─── Data shown ───
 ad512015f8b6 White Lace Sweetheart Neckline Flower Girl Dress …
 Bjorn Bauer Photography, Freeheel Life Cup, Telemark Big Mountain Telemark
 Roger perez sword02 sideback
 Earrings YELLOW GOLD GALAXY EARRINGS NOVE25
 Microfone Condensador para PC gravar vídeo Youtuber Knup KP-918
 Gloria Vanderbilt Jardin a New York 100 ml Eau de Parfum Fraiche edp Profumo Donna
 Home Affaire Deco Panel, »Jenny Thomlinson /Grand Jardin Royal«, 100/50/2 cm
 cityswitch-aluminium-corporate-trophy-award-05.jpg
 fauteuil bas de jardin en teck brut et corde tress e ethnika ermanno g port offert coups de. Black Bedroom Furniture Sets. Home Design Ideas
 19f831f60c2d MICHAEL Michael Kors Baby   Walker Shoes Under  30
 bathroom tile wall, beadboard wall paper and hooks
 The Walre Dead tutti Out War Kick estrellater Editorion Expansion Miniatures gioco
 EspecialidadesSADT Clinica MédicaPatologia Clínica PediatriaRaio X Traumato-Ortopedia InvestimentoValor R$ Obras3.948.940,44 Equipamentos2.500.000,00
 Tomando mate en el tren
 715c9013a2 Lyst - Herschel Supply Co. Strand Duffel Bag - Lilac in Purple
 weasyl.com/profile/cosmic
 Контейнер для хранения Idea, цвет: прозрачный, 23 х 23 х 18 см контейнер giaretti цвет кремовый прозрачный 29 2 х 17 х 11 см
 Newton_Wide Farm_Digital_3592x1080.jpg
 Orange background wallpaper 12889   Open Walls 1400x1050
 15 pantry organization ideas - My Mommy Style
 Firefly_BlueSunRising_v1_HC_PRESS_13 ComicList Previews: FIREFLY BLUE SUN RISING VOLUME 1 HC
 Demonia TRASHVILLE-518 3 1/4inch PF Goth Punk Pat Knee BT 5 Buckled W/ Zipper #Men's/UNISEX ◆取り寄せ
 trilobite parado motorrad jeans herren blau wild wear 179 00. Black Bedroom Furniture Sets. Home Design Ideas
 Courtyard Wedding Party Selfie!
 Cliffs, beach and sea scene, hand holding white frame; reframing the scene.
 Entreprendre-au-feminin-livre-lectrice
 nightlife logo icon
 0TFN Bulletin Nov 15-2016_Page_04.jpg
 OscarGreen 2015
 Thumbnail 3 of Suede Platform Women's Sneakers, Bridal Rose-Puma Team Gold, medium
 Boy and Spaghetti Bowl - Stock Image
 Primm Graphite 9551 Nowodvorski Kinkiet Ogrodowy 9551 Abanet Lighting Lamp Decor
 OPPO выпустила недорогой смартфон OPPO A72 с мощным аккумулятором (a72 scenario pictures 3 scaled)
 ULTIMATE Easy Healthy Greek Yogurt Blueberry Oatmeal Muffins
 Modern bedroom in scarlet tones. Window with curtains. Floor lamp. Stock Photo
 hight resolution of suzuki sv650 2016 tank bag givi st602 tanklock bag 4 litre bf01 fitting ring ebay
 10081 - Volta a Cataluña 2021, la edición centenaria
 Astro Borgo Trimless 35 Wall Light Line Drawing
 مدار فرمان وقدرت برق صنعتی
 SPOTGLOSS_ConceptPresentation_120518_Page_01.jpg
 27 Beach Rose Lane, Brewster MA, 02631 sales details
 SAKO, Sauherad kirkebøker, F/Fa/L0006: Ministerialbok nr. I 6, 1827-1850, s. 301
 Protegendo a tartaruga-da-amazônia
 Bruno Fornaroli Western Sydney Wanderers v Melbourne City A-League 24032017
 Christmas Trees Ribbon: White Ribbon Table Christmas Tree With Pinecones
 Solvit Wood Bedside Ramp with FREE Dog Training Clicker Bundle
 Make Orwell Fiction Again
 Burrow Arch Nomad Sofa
───
- **Instructions to follow**:
Set down, exactly as they appear, the lines above from the first one to the line that holds "Firefly_BlueSunRising_v1_HC_PRESS_13 ComicList Previews: FIREFLY", both included, please, and no others.

- **Solution for this exercise**:
 ad512015f8b6 White Lace Sweetheart Neckline Flower Girl Dress …
 Bjorn Bauer Photography, Freeheel Life Cup, Telemark Big Mountain Telemark
 Roger perez sword02 sideback
 Earrings YELLOW GOLD GALAXY EARRINGS NOVE25
 Microfone Condensador para PC gravar vídeo Youtuber Knup KP-918
 Gloria Vanderbilt Jardin a New York 100 ml Eau de Parfum Fraiche edp Profumo Donna
 Home Affaire Deco Panel, »Jenny Thomlinson /Grand Jardin Royal«, 100/50/2 cm
 cityswitch-aluminium-corporate-trophy-award-05.jpg
 fauteuil bas de jardin en teck brut et corde tress e ethnika ermanno g port offert coups de. Black Bedroom Furniture Sets. Home Design Ideas
 19f831f60c2d MICHAEL Michael Kors Baby   Walker Shoes Under  30
 bathroom tile wall, beadboard wall paper and hooks
 The Walre Dead tutti Out War Kick estrellater Editorion Expansion Miniatures gioco
 EspecialidadesSADT Clinica MédicaPatologia Clínica PediatriaRaio X Traumato-Ortopedia InvestimentoValor R$ Obras3.948.940,44 Equipamentos2.500.000,00
 Tomando mate en el tren
 715c9013a2 Lyst - Herschel Supply Co. Strand Duffel Bag - Lilac in Purple
 weasyl.com/profile/cosmic
 Контейнер для хранения Idea, цвет: прозрачный, 23 х 23 х 18 см контейнер giaretti цвет кремовый прозрачный 29 2 х 17 х 11 см
 Newton_Wide Farm_Digital_3592x1080.jpg
 Orange background wallpaper 12889   Open Walls 1400x1050
 15 pantry organization ideas - My Mommy Style
 Firefly_BlueSunRising_v1_HC_PRESS_13 ComicList Previews: FIREFLY BLUE SUN RISING VOLUME 1 HC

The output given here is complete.